Y si a ese artista, finalmente emigrado, se le condena a décadas de olvido y censura, durante las cuales se graba su música, sin retribución ni consentimiento, violando continuamente sus derechos de autor, y de la nada aparece una película que reconstruye su historia y recupera su obra, y esa película termina prohibida por el mismo aparato cultural represivo, de censores intercambiables, ¿es eso lo que define “responder con amor”?

Lo esencial, para Jacomino y la institución a la que responde, no es el rescate de la obra de Mike Porcel, que hasta hace un año no les importaba y mantenían enterrada a conveniencia. Si les importara el rescate, hubieran exhibido el documental en sus festivales, incluso en la televisión. No habrían obstaculizado la distribución del filme mediante el secuestro de los archivos del ICAIC, que prometieron y luego negaron, en otro acto manipulador del patrimonio cultural de la nación.

Si fuera sincero el interés, dedicaran algún espacio televisivo o radial a rescatar las canciones de Mike, o a actualizar al público sobre su obra más reciente. No tendrían que utilizar, una vez más, a José Martí, ese eterno significante que, en manos del oficialismo, se transforma en excusa pueril, en estampita new age, como si quisieran borrar sus manotazos con un sardónico llamamiento al peace and love.

Porque se trata, siempre, del Apóstol, como el médium más conveniente para estas sesiones de espiritismo oportunista: Amaury Pérez reedita su disco con versos musicalizados de Martí del año 78, donde Mike fuera arreglista, orquestador y autor de un par de temas. El estreno de unos videos musicales relacionados con el nuevo álbum, productos audiovisuales que son obras maestras del kitsch y la bobera patria, en La Pupila… del insomne Iroel, provee la oportunidad de mencionar al defenestrado: dar fe de una política cultural benevolente.

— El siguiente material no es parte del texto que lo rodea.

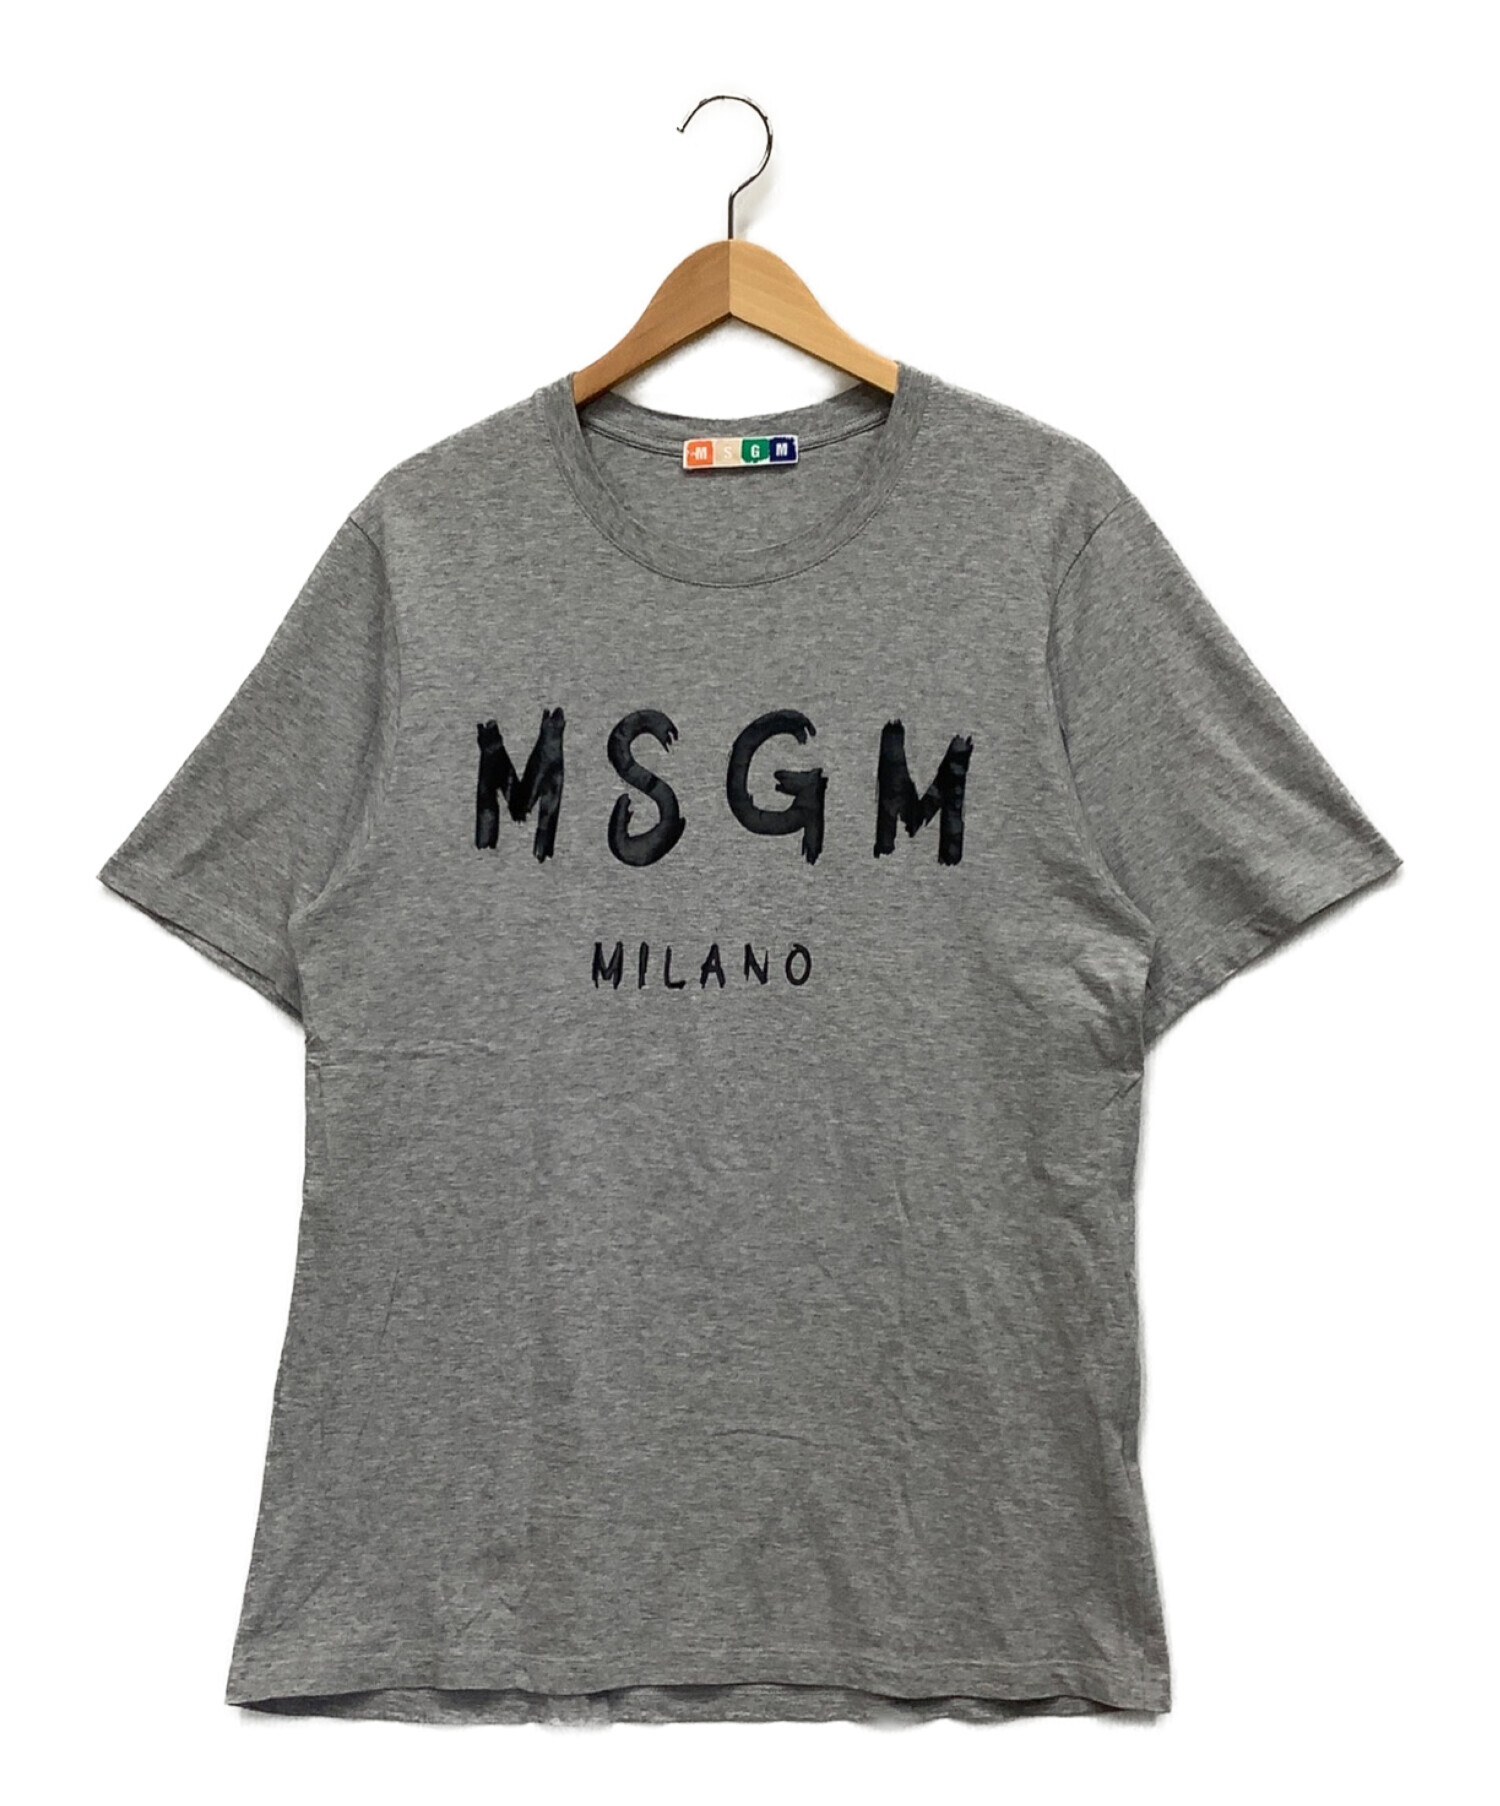 MSGM (エムエスジーエム) Tシャツ グレー サイズ:M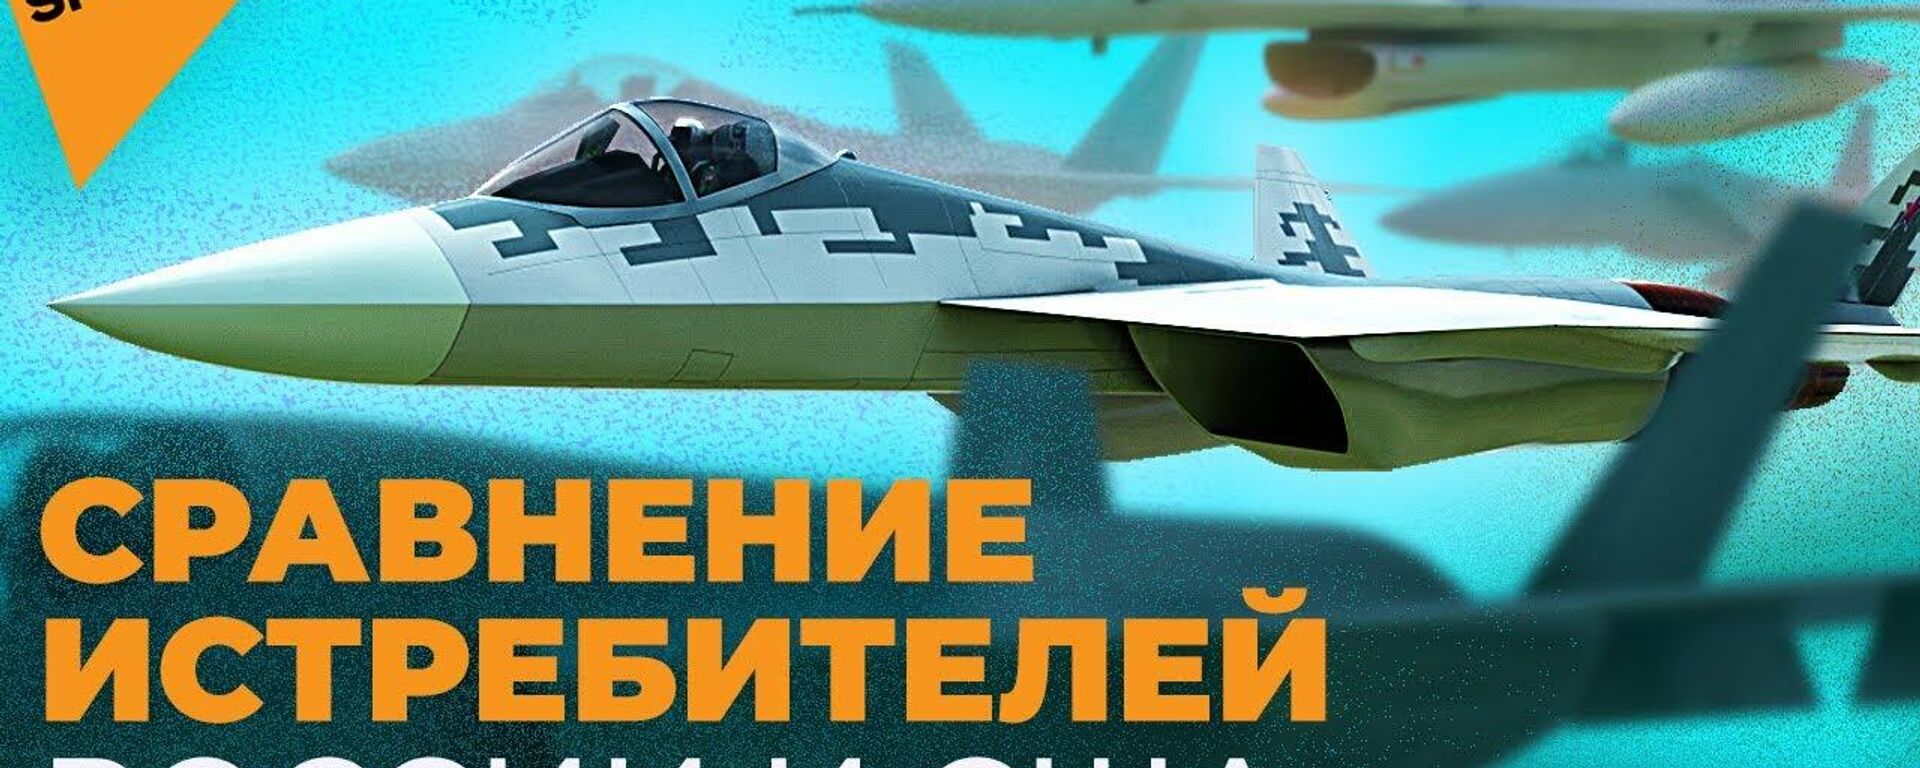 ТОП истребителей России и США: кто победит в воздушном бою? - Sputnik Latvija, 1920, 02.06.2021

Lo esencial para ellos, eternos lectores de El pequeño príncipe (cuando no de El príncipe, de Maquiavelo), es todo aquello que debe permanecer invisible a los ojos. Lo esencial es la omisión, el ocultamiento. La elipsis del horror que implica no asumir responsabilidad: no pedir disculpas. Y es que de eso debería tratarse, si me permiten citar el tweet del jacobino viceministro, cuando hablamos “de respetar y soñar con todos los buenos, en honor a Martí”.

El Ministerio de Cultura, en nombre del gobierno cubano, debería pedir disculpas a Mike Porcel, por todos los daños físicos y psicológicos provocados, por entorpecer y saquear su obra. Pero no sólo a Mike Porcel, sino a todos los artistas censurados, violentados, condenados al ostracismo o a destinos más terribles. Pero no sólo a los artistas, sino a todo ciudadano cuya vida se ha visto lacerada, agredida o limitada por la constante tergiversación y resquebrajamiento de su cultura, del patrimonio sensible de la nación.

Le cuento todo esto a Mike, quien recibe sin mucho asombro las nuevas noticias. Él hace años no espera nada de este gobierno. Que se disculpen, me escribe, “sería un acto de decencia, pero eso no existe para ellos; la disculpa oficial se la deben a muchos talentosos cubanos que ya han muerto”. Pienso en unos versos suyos: “somos dioses errantes, entre la impermanencia de un viento sordo que no oye nuestra queja; dioses perdidos, pero dioses al fin”. Le digo que pienso escribir este texto, y me pide, tácitamente, que no me busque más problemas de los que ya tengo. Me dice que está en deuda de gratitud conmigo, con Fernando, pero él no sabe que la deuda la tenemos nosotros. “Esa es la disculpa que me gustaría escuchar, a ustedes, a vuestra generación”, se despide. Y me envía su abrazo.